Героический, религиозный и национальный пафосы мы относим к основным, действие которых в той или иной степени можно наблюдать практически во всех общественно-исторических явлениях Новейшего времени. В отсутствие полностью разработанной теории общественной речи данный факт подтверждается, помимо анализа произведений военной риторики на протяжении письменной истории человечества, частным анализом содержательной основы политического и судебного красноречия26, а также наблюдением П. Ф. Каптерева о существовании церковно-религиозного (допетровского), государственного (на протяжении XVIII – первой половины XIX вв.) и общественного, т. е. национального периода (после Великих реформ до 1917 г.) в развитии дореволюционной российской педагогики27. Отчасти подтверждение нашей мысли можем найти и в трудах М. П. Фуко, комментировавшего смену государственного пафоса национальным в период Великой французской революции следующим образом: «Новый дискурс (имеющий нового субъекта и новую точку отсчета) сопровождается и новым, если так можно сказать пафосом. Этот новый пафос направлен на… государственный переворот или удар по государству, на выступление против государства»28.

Наблюдение за состоянием общественной речи в революционной Франции и последующим периодом правления Наполеона Бонапарта позволяет сформулировать еще один закон общественной речи: интенсивность общественной речи диалектически связана с уровнем развития общественного сознания. Действительно, придя к власти на волне революционной митинговой стихии не без помощи печатного слова, Наполеон все время своего правления в дальнейшем неуклонно боролся с этим проявлением свободного народного духа, преуспев в этом настолько, что к концу его правления во Франции профессия типографского издателя считалась вымирающей. Итогом была нарастающая пассивность народного сознания и ближайшего окружения Наполеона, во всем привыкшего полагаться на гений «великого человека», что и повлекло отказ от борьбы и закономерное отречение императора, когда союзники оказались у ворот Парижа.

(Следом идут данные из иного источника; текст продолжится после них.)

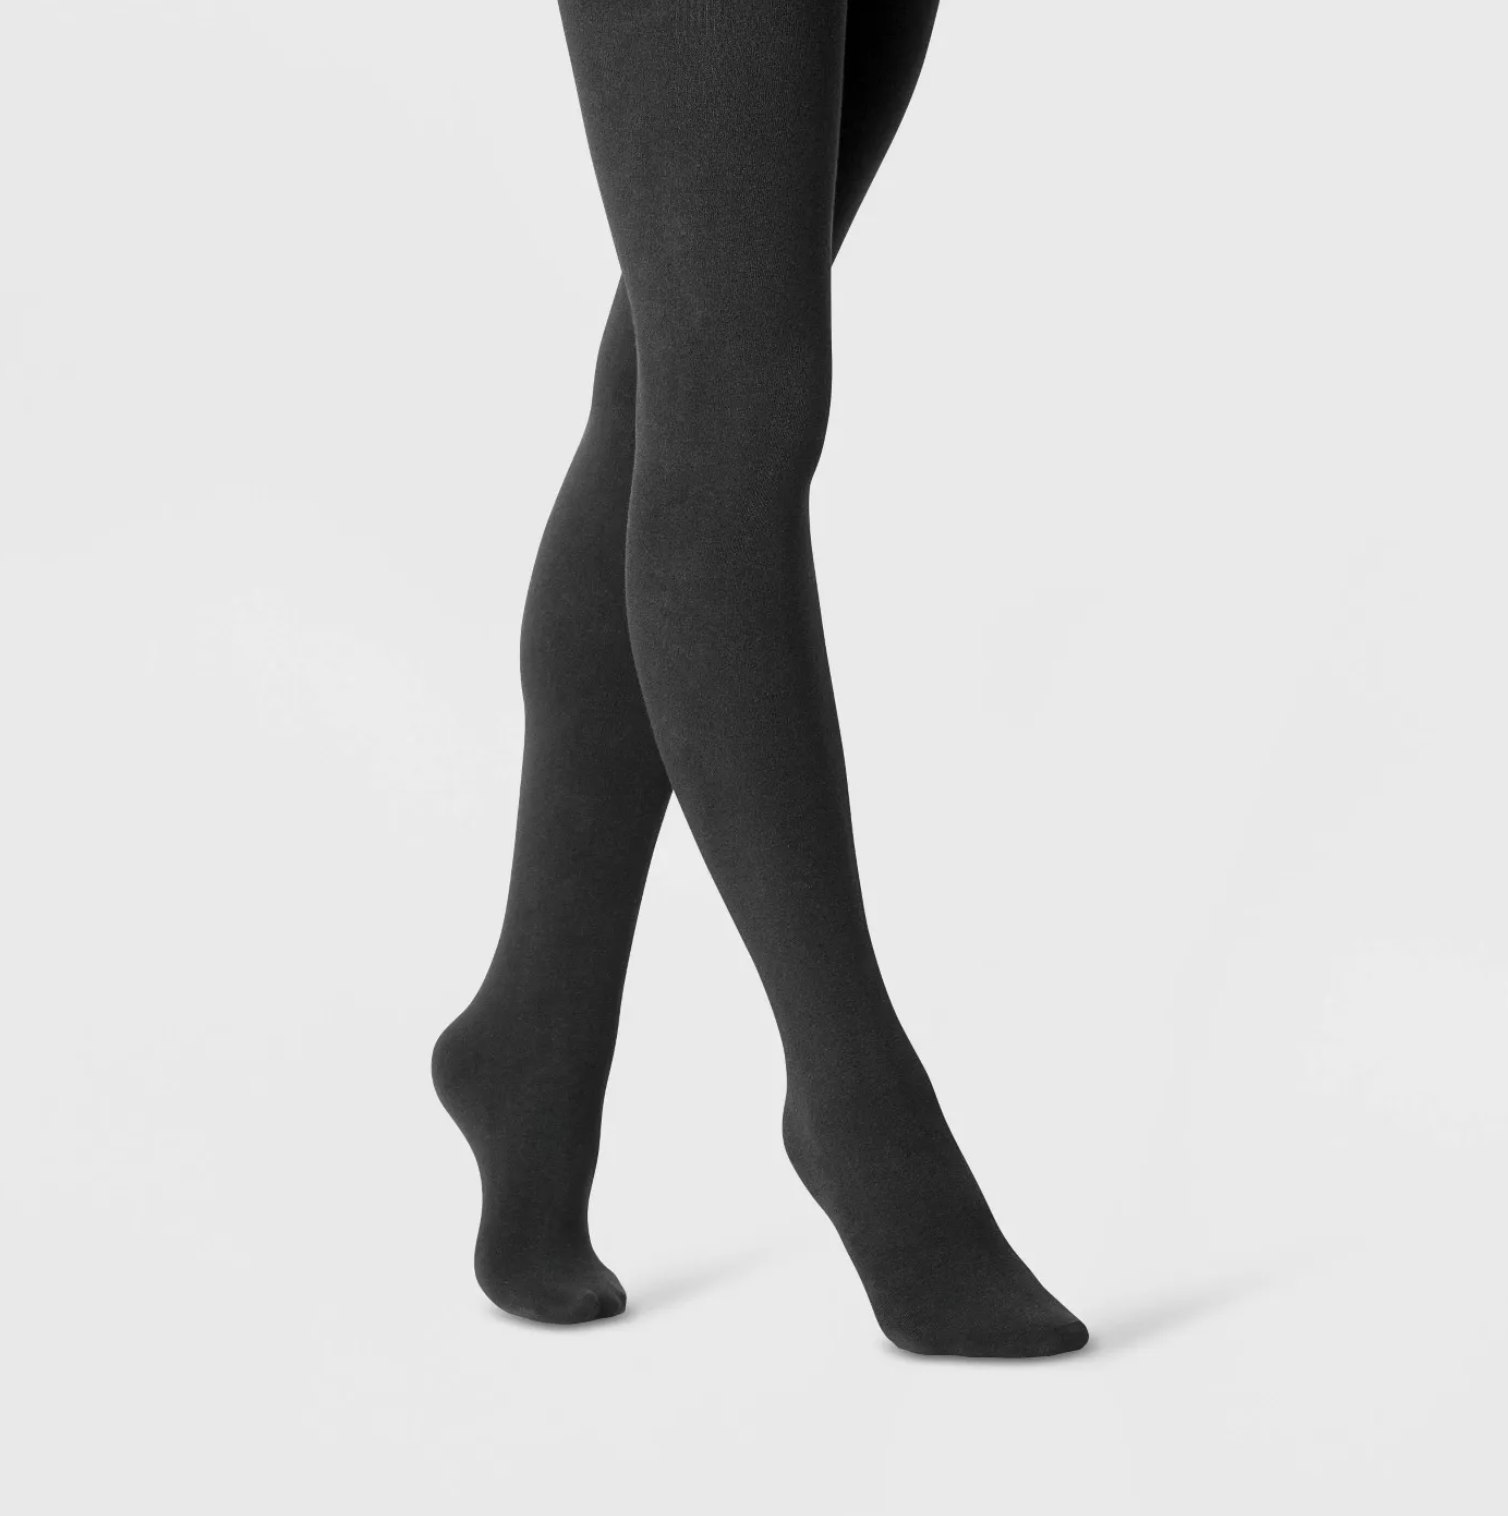 model wearing black tights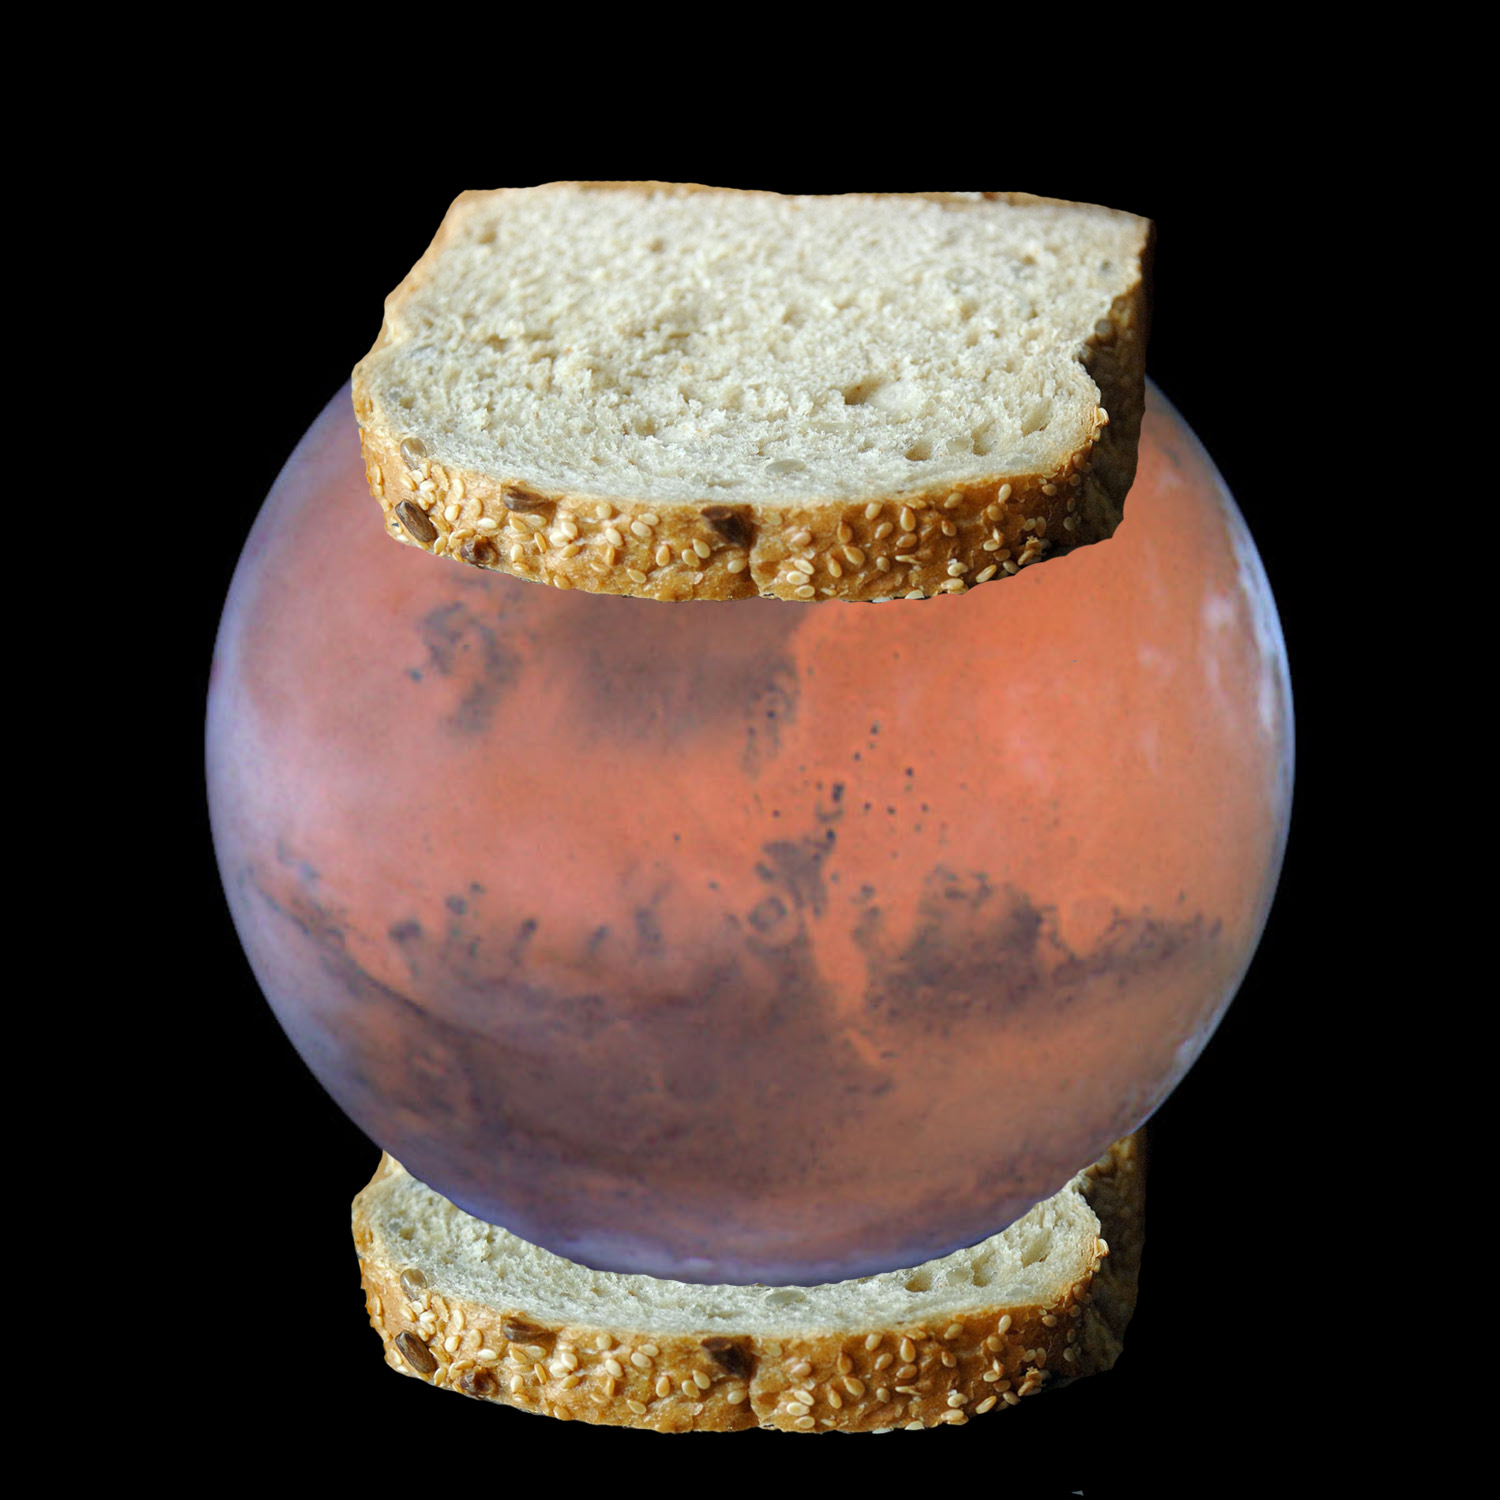 A Mars sandwich

Бурное развитие производительных сил в эпоху Нового времени быстро выявило неоднородность европейских наций – наметилась оппозиция по классовому признаку между собственно нацией и широкими народными массами. Оппозиция безусловно вредная, ибо движимая чувством самосохранения, нация стремится обезопасить себя, сообщив свое видение политики народу, а в идеальном случае – стремится распространить себя на народ, точнее поднять его до своего уровня, вовлечь в свою орбиту, чтобы народ разделял идеалы и ценности, которые исповедует нация, и был движим ими в собственной «государствообразующей» деятельности. Политической силой, как правило, обладает только нация.

 

Систему ценностей, разделяемую нацией и народом проще всего выработать в системе образования, которая, как известно, есть главный институт, обеспечивающий социализацию личности. Именно поэтому государство объективно должно выступать заказчиком образования и инструментом формирования нации. Конечно, государство обычно руководствуется совсем не филантропическими целями: образованные люди нужны ему в первую очередь для взимания налогов, ведения финансов, прокладывания дорог, изобретения новых видов вооружений и решения тому подобных вполне прагматических задач. Однако необходимость воспитания новых поколений государственных соработников также остается фактом: с античности было известно, что продуктивна только свободная мысль и эффективен только сознательный труд людей, разделяющих общие взгляды и ценности. «Национализм, – справедливо полагал Э. Геллнер, – является следствием новой формы социальной организации, опирающейся на полностью обобществленные, централизованно воспроизводящиеся высокие культуры, каждая из которых защищена своим государством»29.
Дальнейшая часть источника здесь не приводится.